Visualize learned representations from Siamese T-Learner and JEPA-Causal.

In [None]:
# Get representations
siamese_model = models['Siamese-T']
jepa_model = models['JEPA-Causal']

z_siamese = siamese_model.get_representations(X_test)
z_jepa = jepa_model.get_causal_representations(X_test)

print(f"Siamese representations: {z_siamese.shape}")
print(f"JEPA representations: {z_jepa.shape}")

In [None]:
# Visualize representations with UMAP
from sklearn.manifold import TSNE

# Reduce to 2D for visualization
tsne = TSNE(n_components=2, random_state=42)
z_siamese_2d = tsne.fit_transform(z_siamese)

tsne = TSNE(n_components=2, random_state=42)
z_jepa_2d = tsne.fit_transform(z_jepa)

fig, axes = plt.subplots(2, 2, figsize=(14, 12))

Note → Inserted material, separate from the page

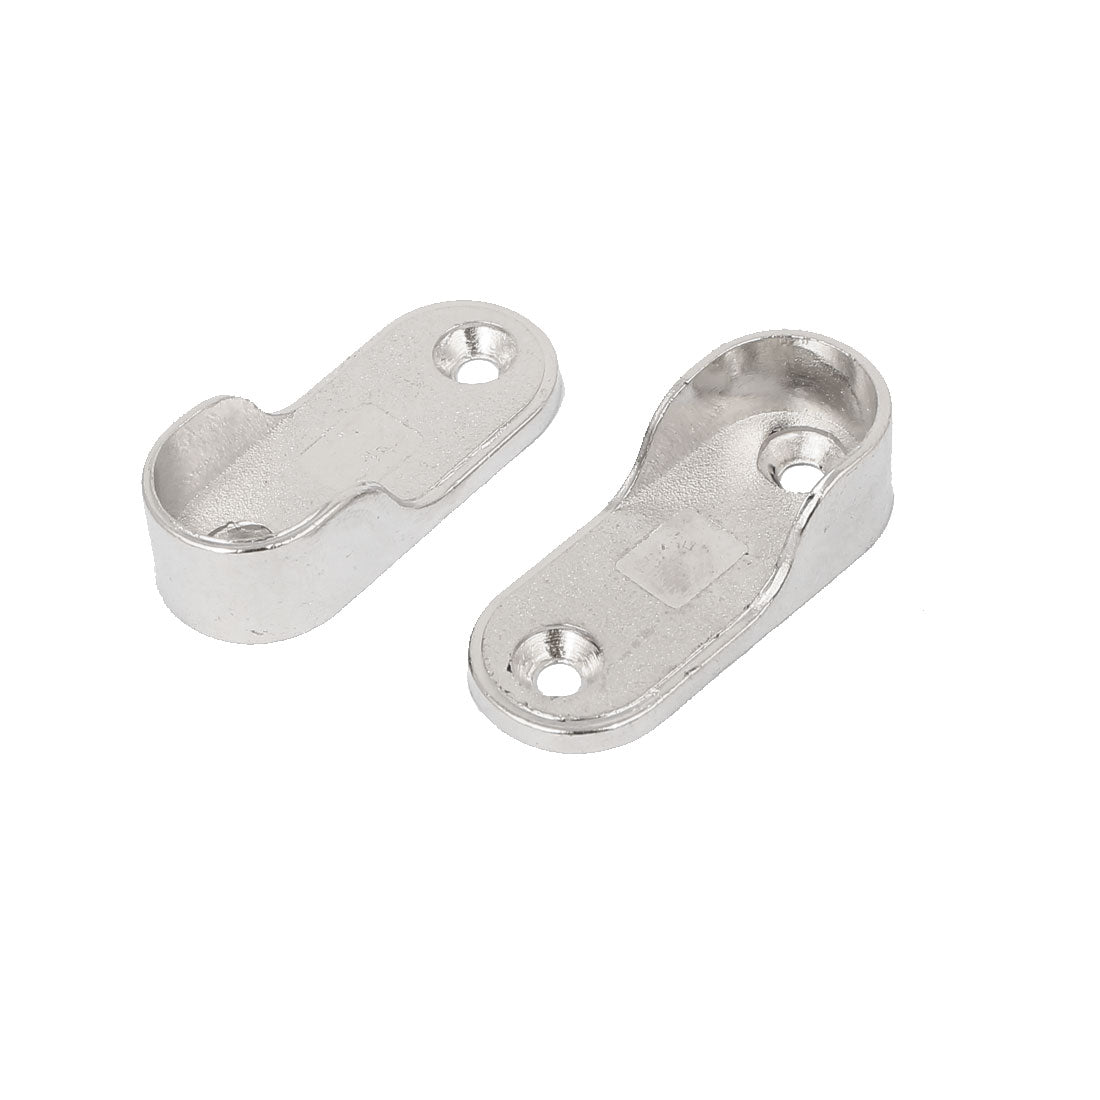 uxcell Uxcell 43x16mm Oval Pipe Wardrobe Rail Support Bracket Flange Holder Silver Tone 2pcs
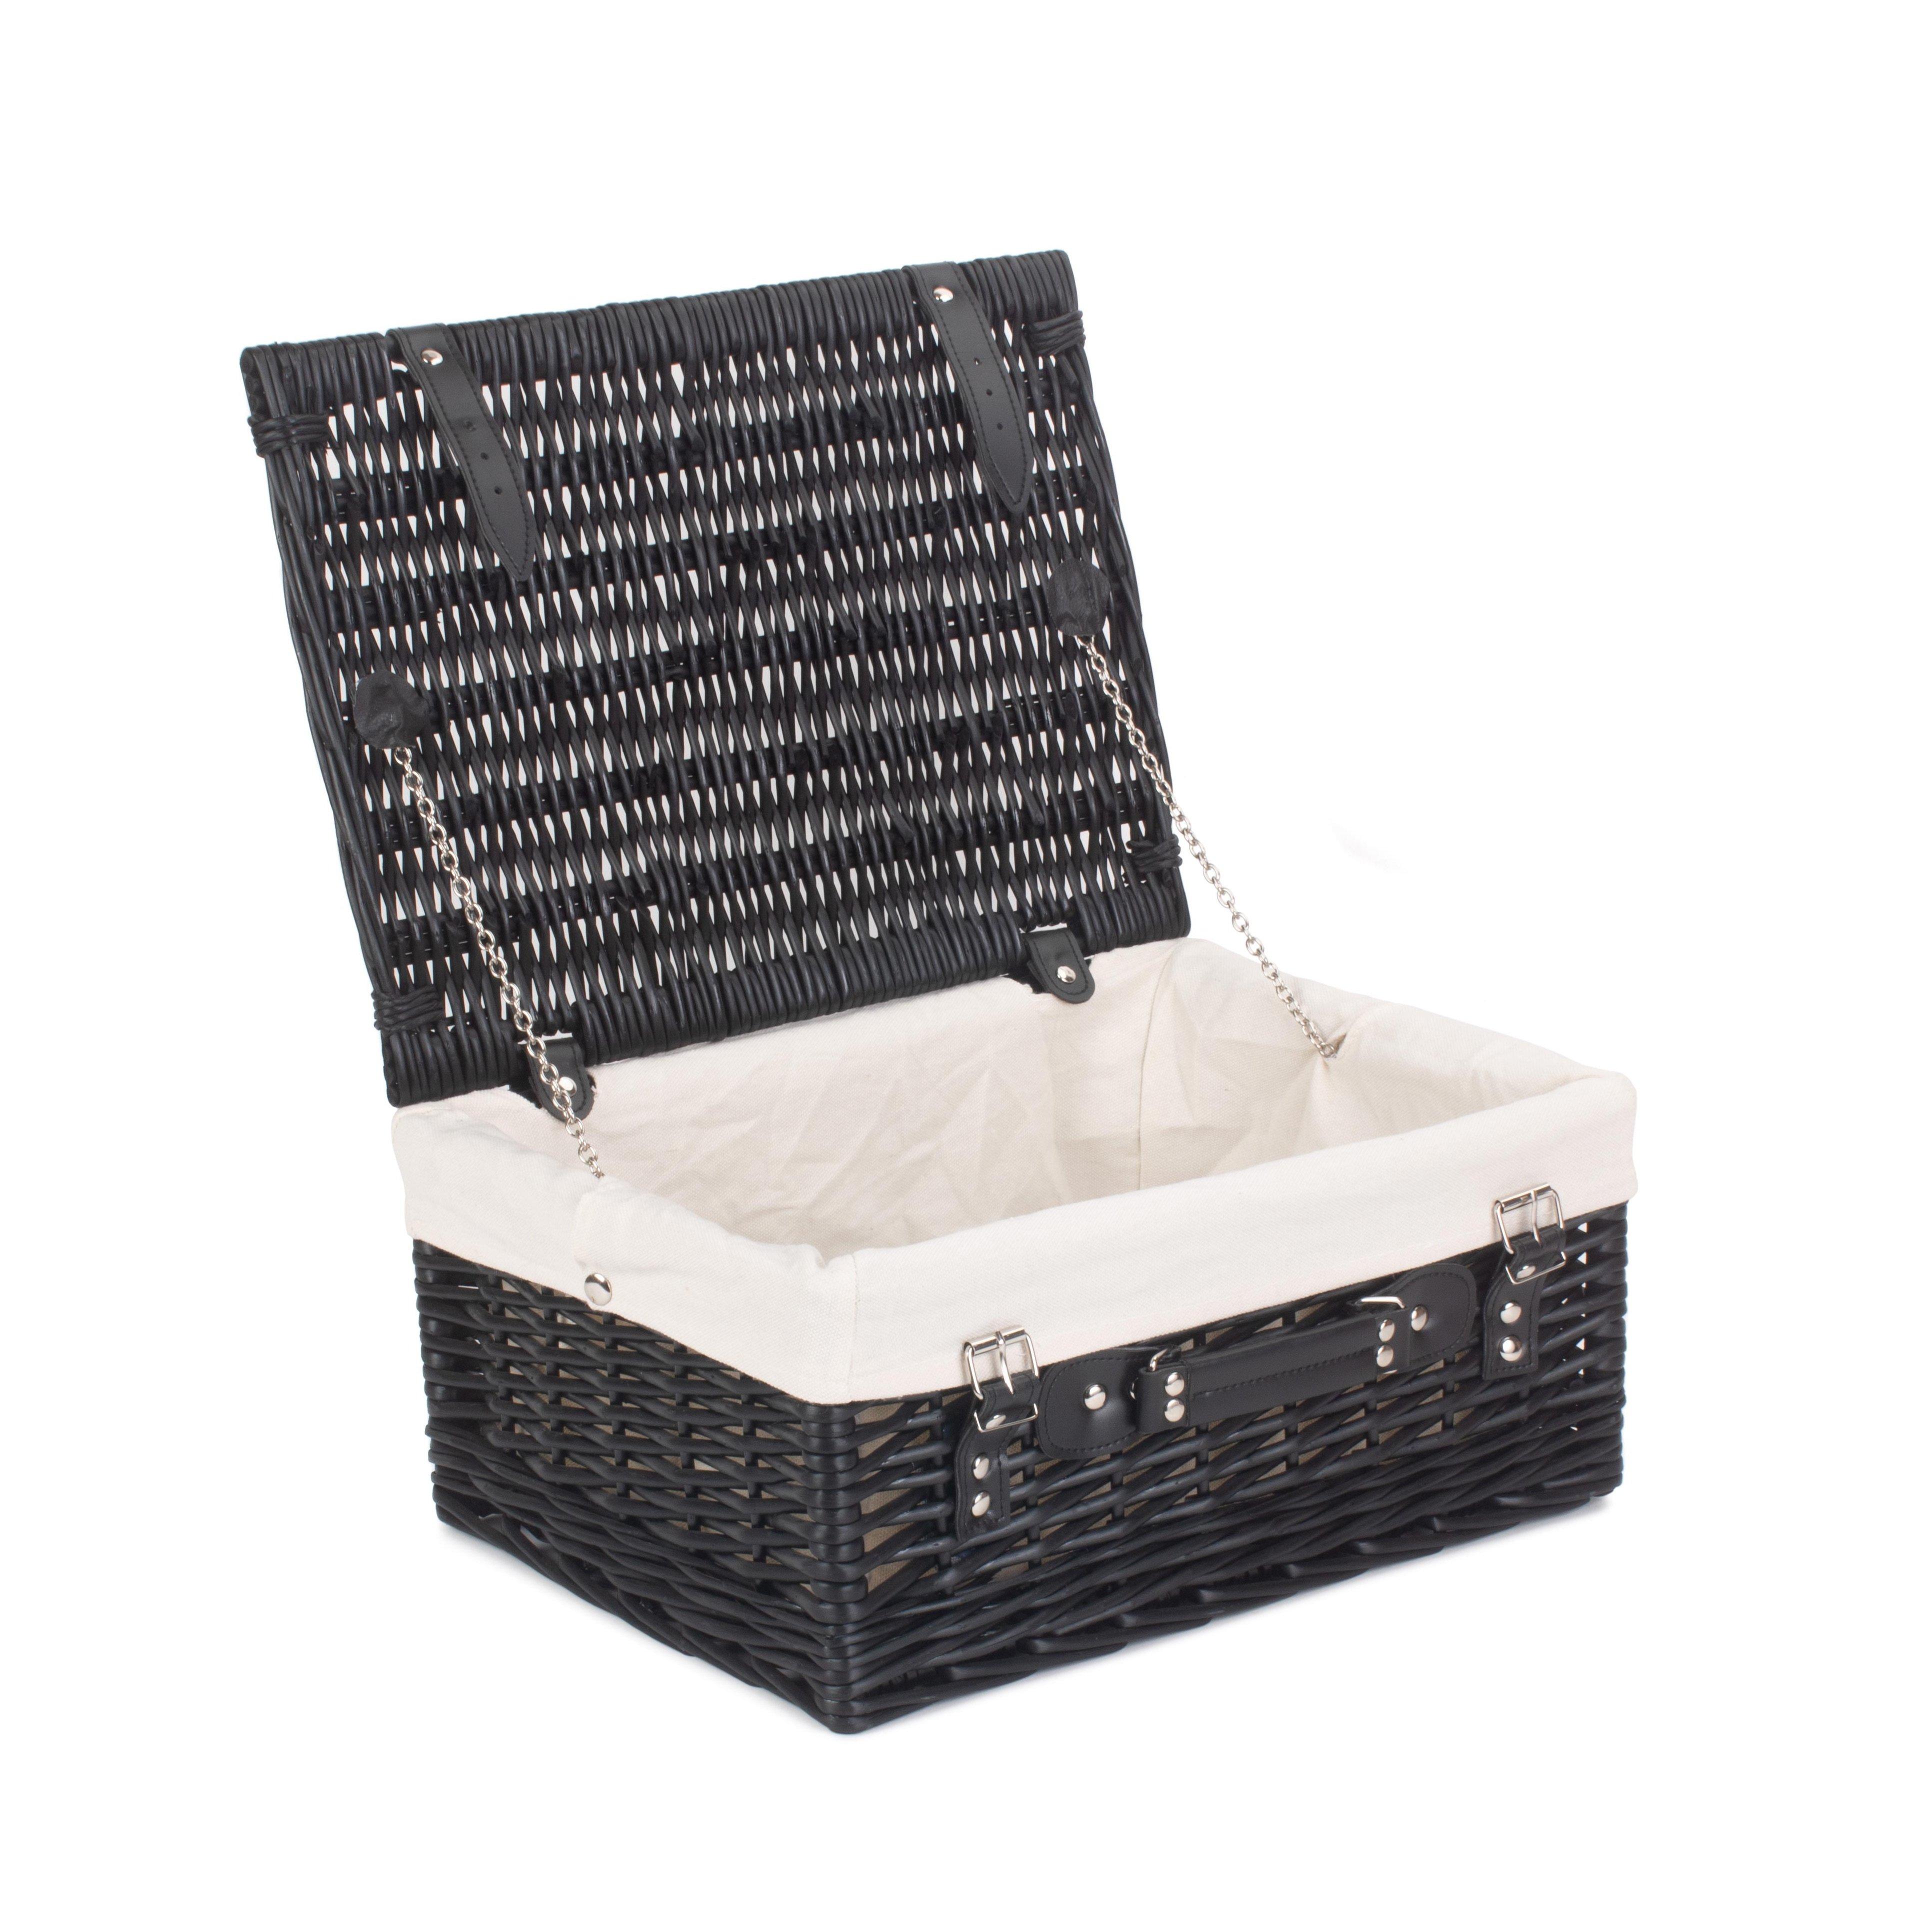 Wicker 40cm Empty Black Willow Picnic Basket with Cotton Lining

# Siamese representations colored by treatment
axes[0, 0].scatter(z_siamese_2d[T_test==0, 0], z_siamese_2d[T_test==0, 1],
                   alpha=0.5, label='Control', s=20)
axes[0, 0].scatter(z_siamese_2d[T_test==1, 0], z_siamese_2d[T_test==1, 1],
                   alpha=0.5, label='Treated', s=20)
axes[0, 0].set_title('Siamese T-Learner Representations (by Treatment)')
axes[0, 0].legend()

# Siamese representations colored by true CATE
scatter = axes[0, 1].scatter(z_siamese_2d[:, 0], z_siamese_2d[:, 1],
                             c=tau_test, cmap='RdYlBu_r', s=20, alpha=0.6)
axes[0, 1].set_title('Siamese T-Learner Representations (by True CATE)')
plt.colorbar(scatter, ax=axes[0, 1], label='True CATE')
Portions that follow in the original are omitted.